▸ **How to complete this task**
Make an exact copy of the listing, without images.

▸ **Given data**
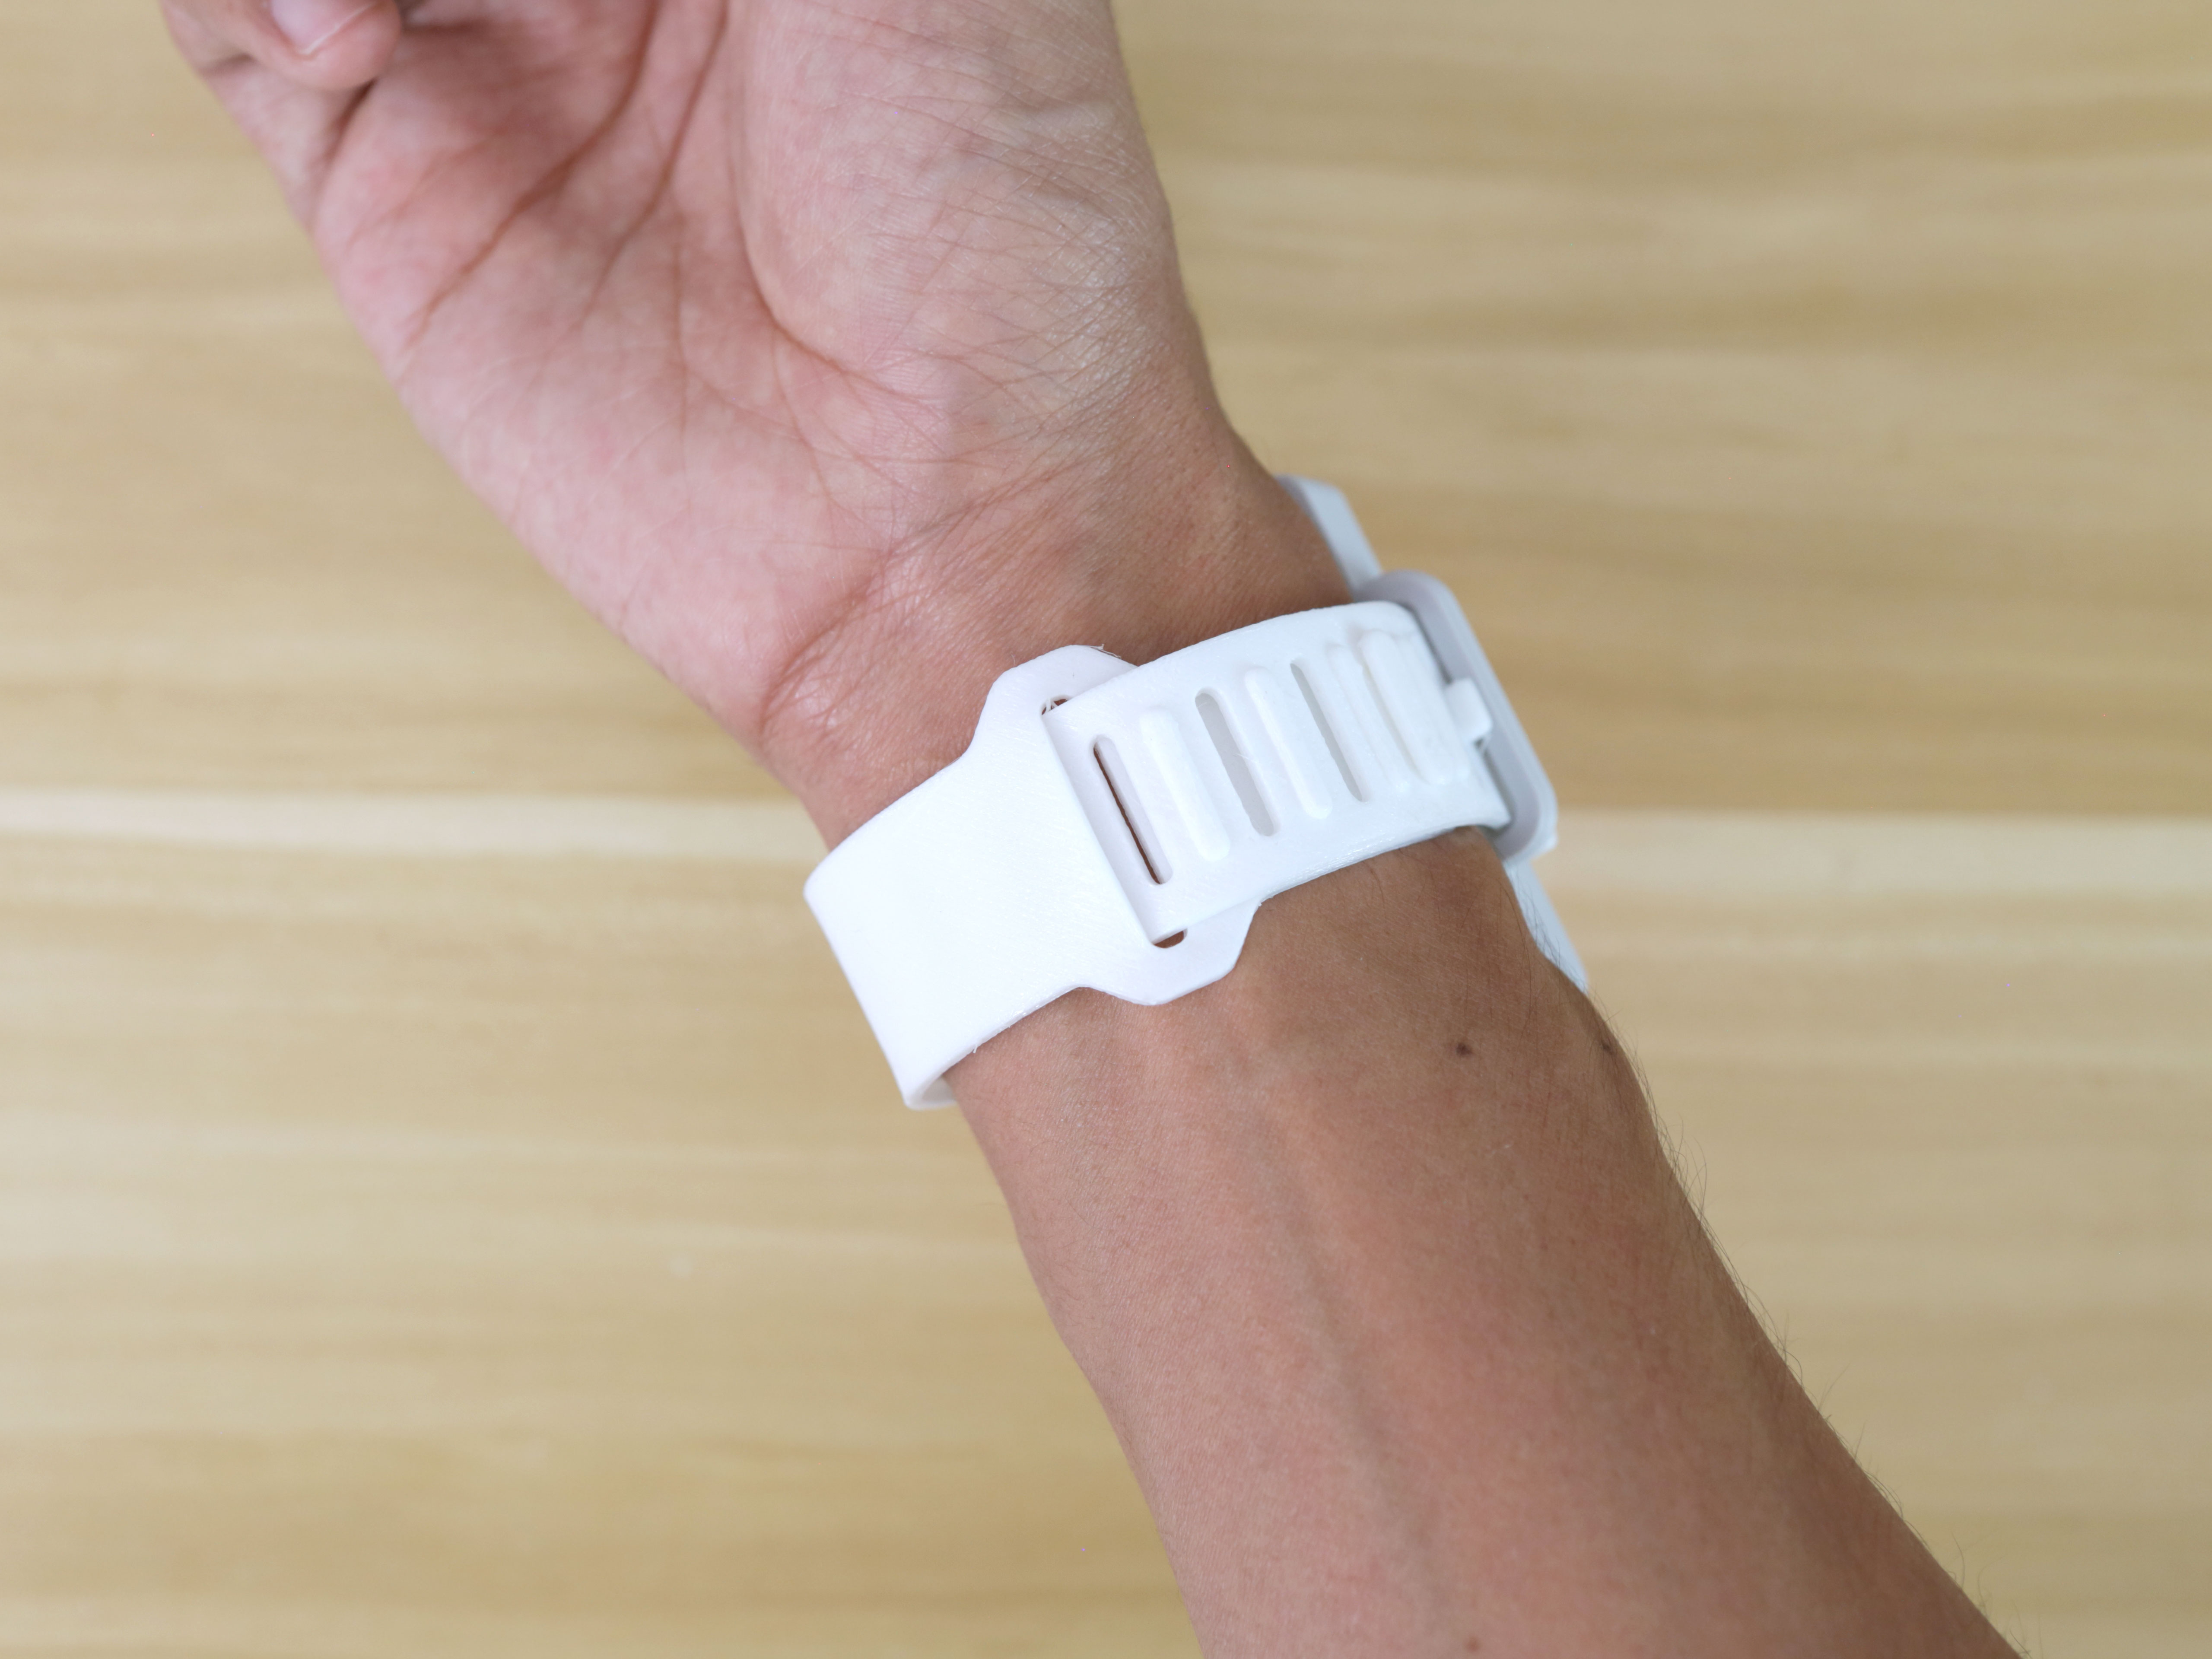 3d_printing_wrist-wear.jpg
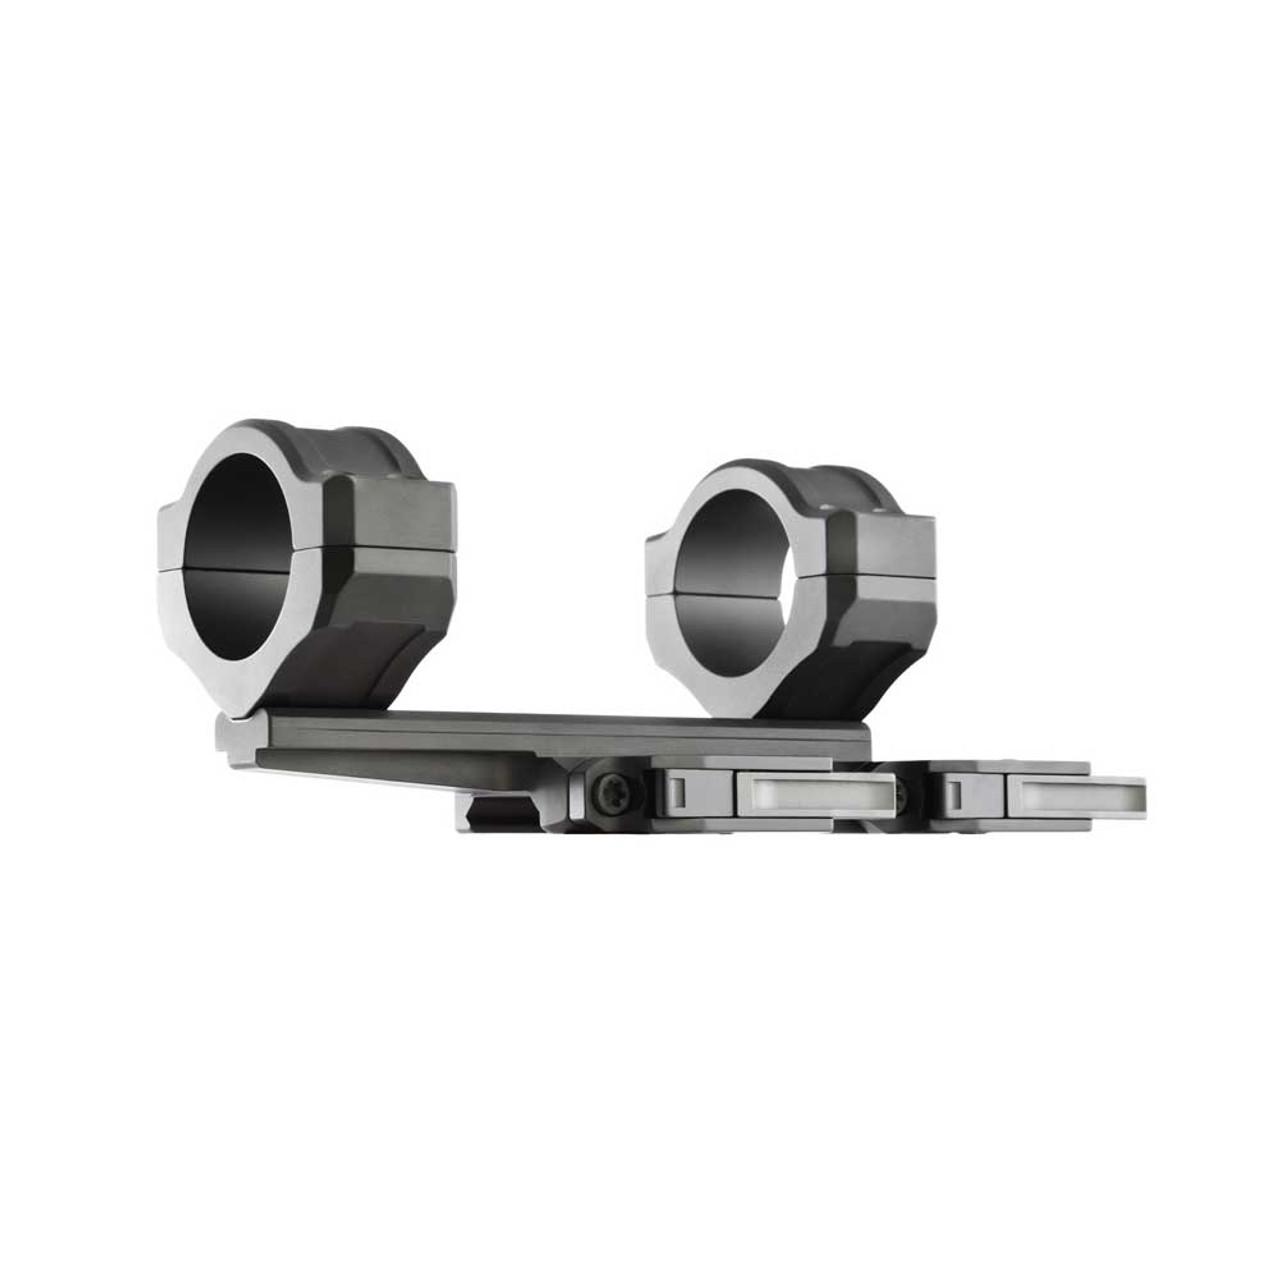 BOBRO ENGINEERING Dual Lever Precision Optic Mount 34mm Rings (B10-300-340)
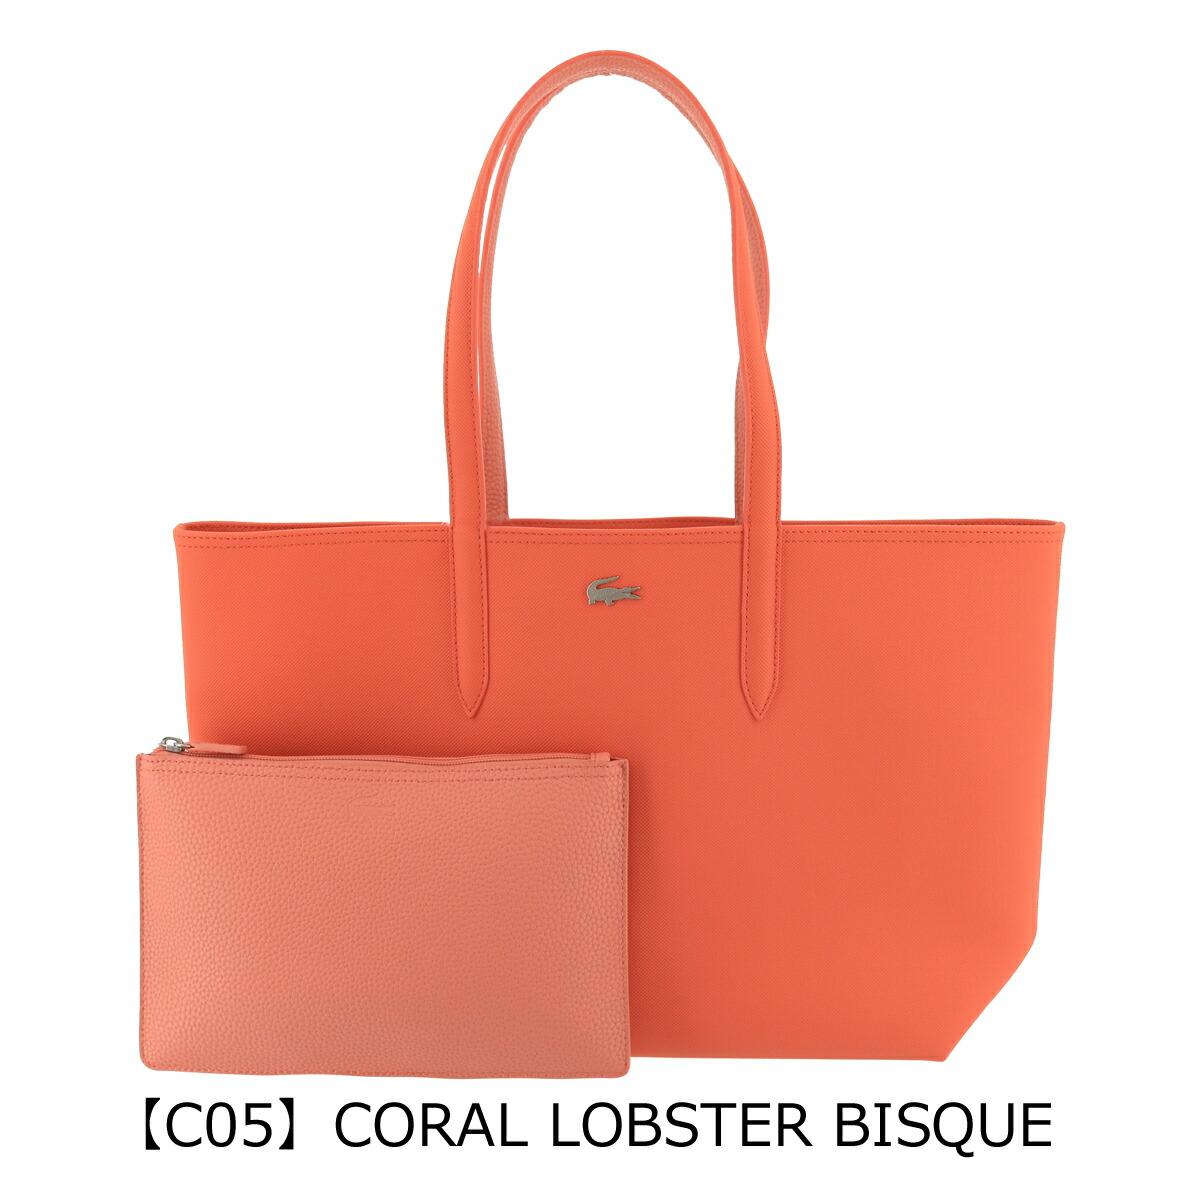 【C05】CORAL LOBSTER BISQUE

▸ **Response box**
 3d_printing_wrist-wear.jpg
 BOBRO ENGINEERING Dual Lever Precision Optic Mount 34mm Rings (B10-300-340)
 【C05】CORAL LOBSTER BISQUE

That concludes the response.